To tackle this problem, we need to analyze the motion of the stone dropped from point O and how the distances OP, OQ, and OR relate to the velocities at those points. The key here is to understand the relationship between distance and velocity in uniformly accelerated motion, specifically under the influence of gravity.

Understanding the Motion of the Stone

When a stone is dropped from a height, it accelerates downwards due to gravity. The distance fallen after a certain time can be described by the equation:

s = ut + (1/2)gt²

In this case, the initial velocity (u) is zero because the stone is dropped, so the equation simplifies to:

s = (1/2)gt²

Points in Geometric Progression

Let’s denote the distances OP, OQ, and OR as s1, s2, and s3 respectively. If these distances are in geometric progression (GP), we can express this relationship mathematically:

  • s2² = s1 * s3

This means that the middle term squared is equal to the product of the other two terms. Now, since we know the distances are related to time squared (as shown in the distance equation), we can express these distances in terms of time:

  • s1 = (1/2)g(t1)²
  • s2 = (1/2)g(t2)²
  • s3 = (1/2)g(t3)²

Finding Velocities

The velocity of the stone at any point can be calculated using the formula:

v = u + gt

Since the initial velocity (u) is zero, the velocity at each point becomes:

  • v1 = gt1
  • v2 = gt2
  • v3 = gt3

Proving Velocities are in GP

Now, we need to show that v1, v2, and v3 are also in GP. We can express the velocities in terms of the distances:

Using the distances in GP, we have:

  • v1 = g√(2s1/g) = √(2gs1)
  • v2 = g√(2s2/g) = √(2gs2)
  • v3 = g√(2s3/g) = √(2gs3)

Now, we can check if these velocities are in GP:

For v2² = v1 * v3, we substitute:

v2² = 2gs2

v1 * v3 = √(2gs1) * √(2gs3) = 2g√(s1 * s3)

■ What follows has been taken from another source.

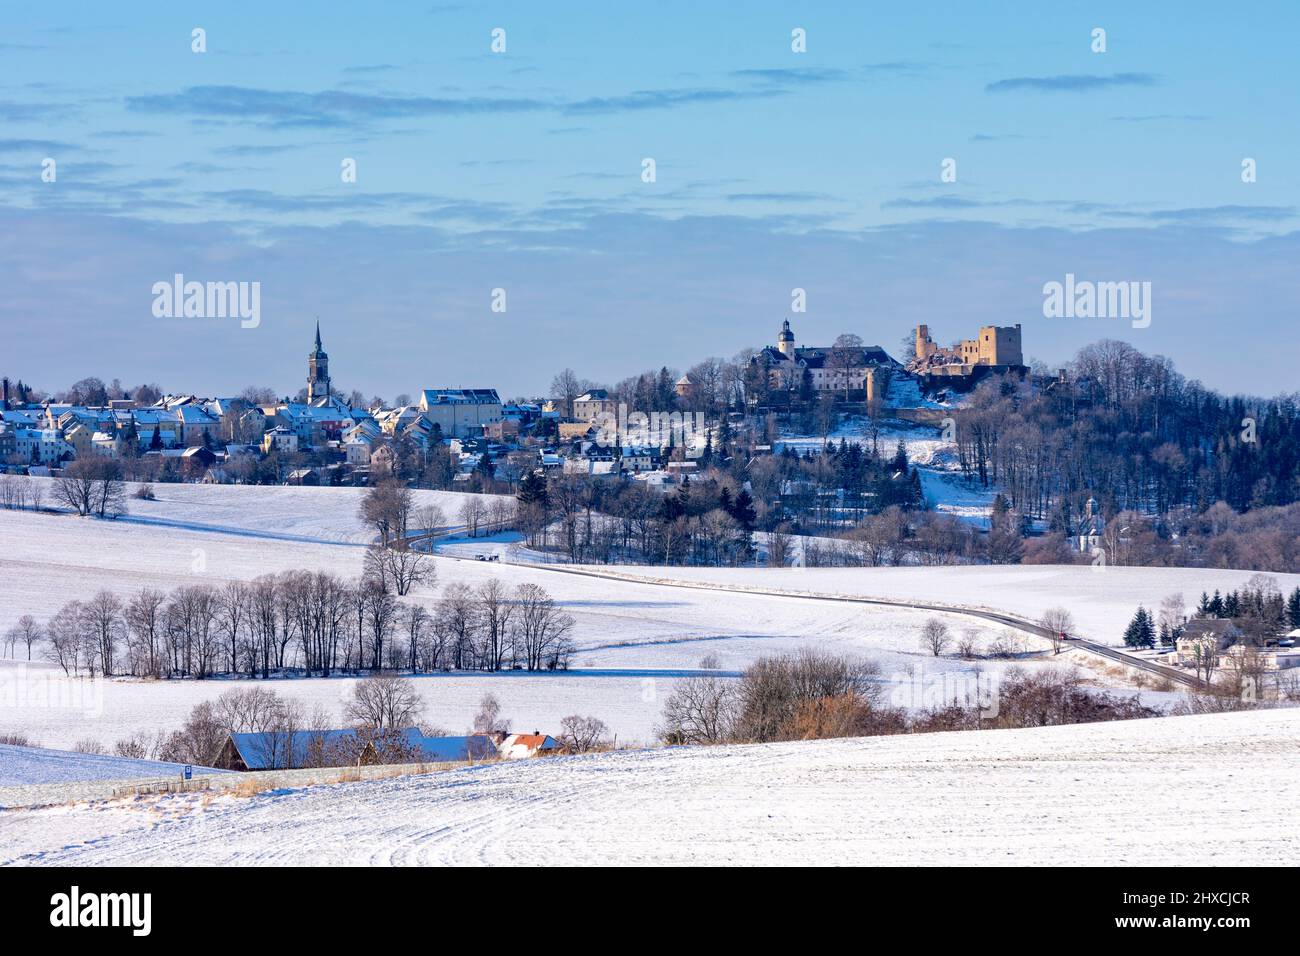 Frauenstein im Schnee, Blick auf Schloss und Kirche, Erzgebirge, Sachsen, Sachsen, Deutschland Stockfoto

Since s1, s2, and s3 are in GP, we know that:

s2² = s1 * s3

Thus, we can conclude:

v2² = v1 * v3

Final Thoughts

This shows that the velocities v1, v2, and v3 are indeed in geometric progression. The relationship between the distances and the velocities in uniformly accelerated motion under gravity leads us to this conclusion. So, if the distances OP, OQ, and OR are in GP, the corresponding velocities at those points will also be in GP.